№3, 2013/Публикации. Воспоминания. Сообщения

Из архива Василия Аксенова. Вокруг калифорнийской конференции по русской литературе

Продолжающаяся публикация материалов из архива В. Аксенова на этот раз посвящена переписке, демонстрирующей разногласия и конфликты, существовавшие в русской эмиграции. Вновь печатаемые письма дают документальную картину того, что порой было известно понаслышке и из вторых рук. Сегодня, нам кажется, важно не включиться еще раз в те давние споры, а оценить их с дистанции во времени. С этой целью мы сопровождаем публикацию двумя небольшими статьями — Е. Гофмана и Е. Скарлыгиной.
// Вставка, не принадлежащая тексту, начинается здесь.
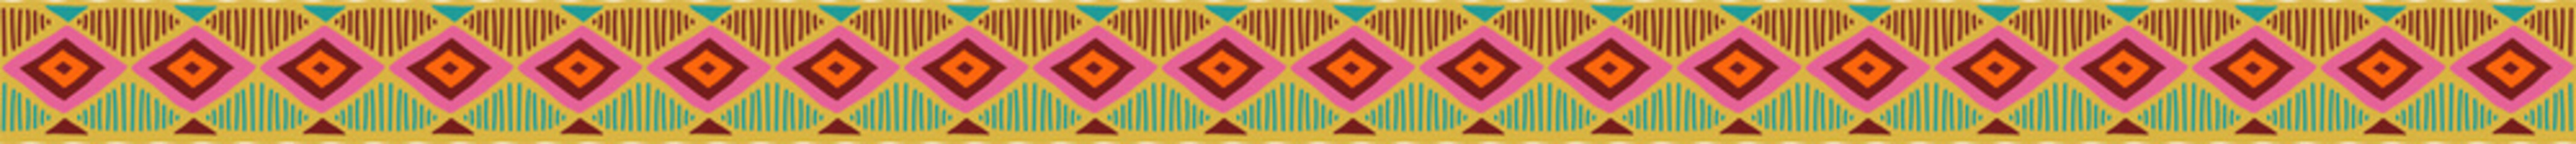 Wall Mural - Divider with traditional seamless pattern. Colorful decorative tribal border. 
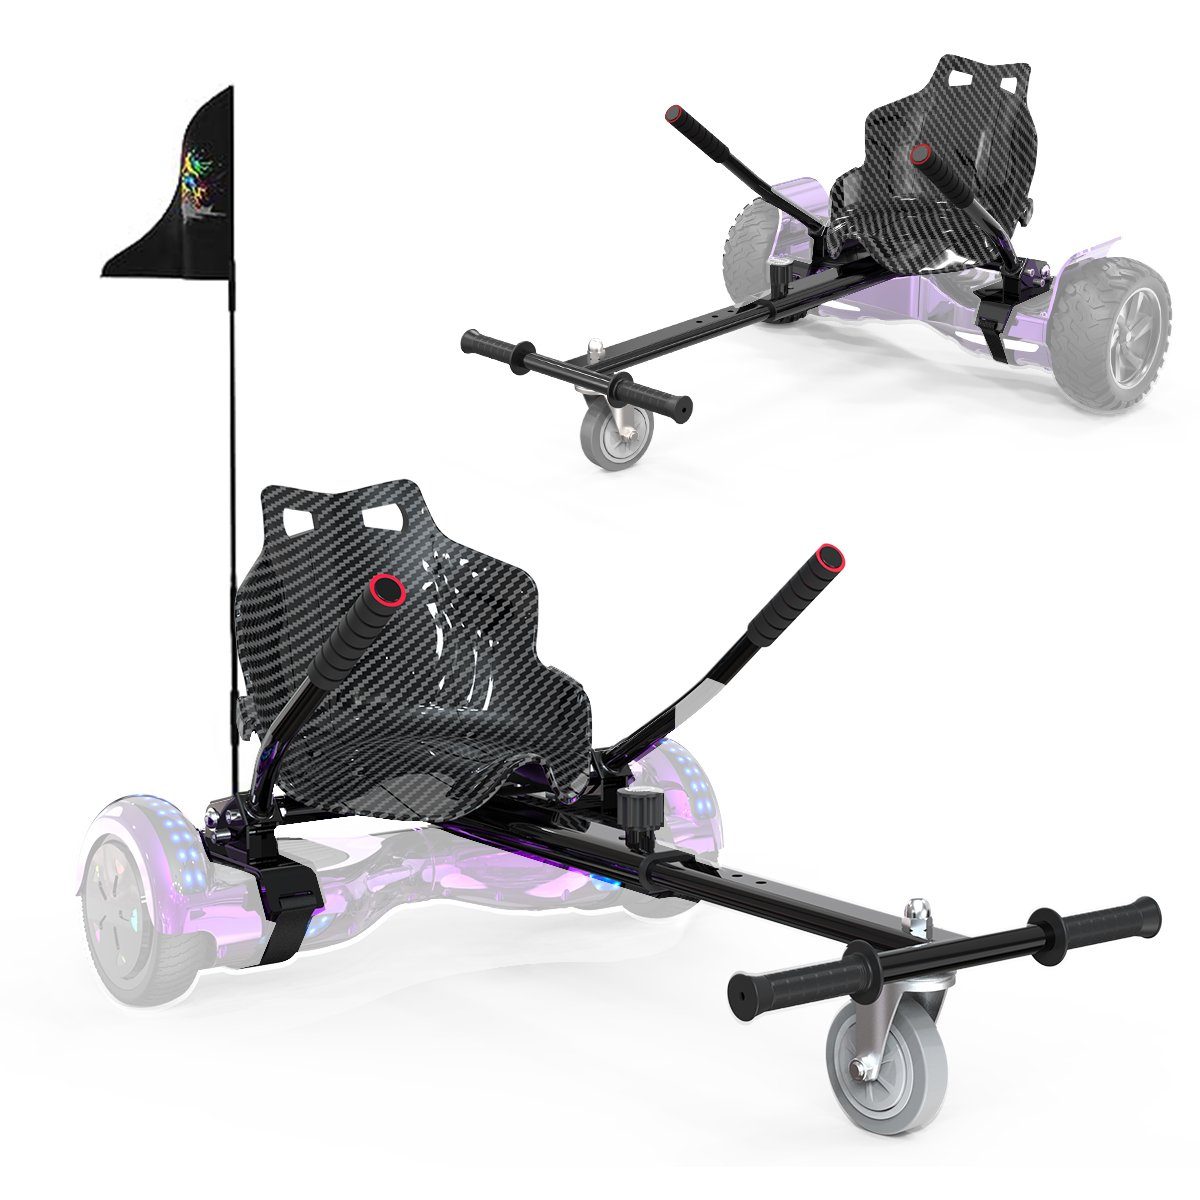 Clanmacy Balance Scooter Kart Hoverboard Sitz Sitzscooter für 6,5, 8,5 und  10 Zoll Hoverboards

ИЗ АРХИВА ВАСИЛИЯ АКСЕНОВА1

Вокруг калифорнийской конференции по русской литературе

С 14 по 16 мая 1981 года в Лос-Анджелесе (штат Калифорния) проходила международная конференция «Русская литература в эмиграции», в которой участвовали русские писатели-эмигранты (так называемой третьей волны), а также американские и западноевропейские писатели, литературоведы и журналисты.

Вот их имена:

Василий Аксенов, Юз Алешковский, Дмитрий Бобышев, Деминг Браун, Эдвард Браун, Николай Боков, Томас Венцлова, Владимир Войнович, Джордж Гибиан, Ашбель Грин, Джон Дэнлоп, Д. Бартон Джонсон, Вера Данхем, Сергей Довлатов, Анатолий Гладилин, Роберт Кайзер, Патриция Каден, Наум Коржавин, Илья Левин, Юрий Лехт, Эдуард Лимонов, Ольга Матич, Виктор Некрасов, Эдвард Олби, Виктор Перельман, Карл Проффер, Эллендея Проффер, Мария Розанова, Андрей Синявский, Джеральд Смит, Саша Соколов, Джеффри Хоскинг, Алексей Цветков2.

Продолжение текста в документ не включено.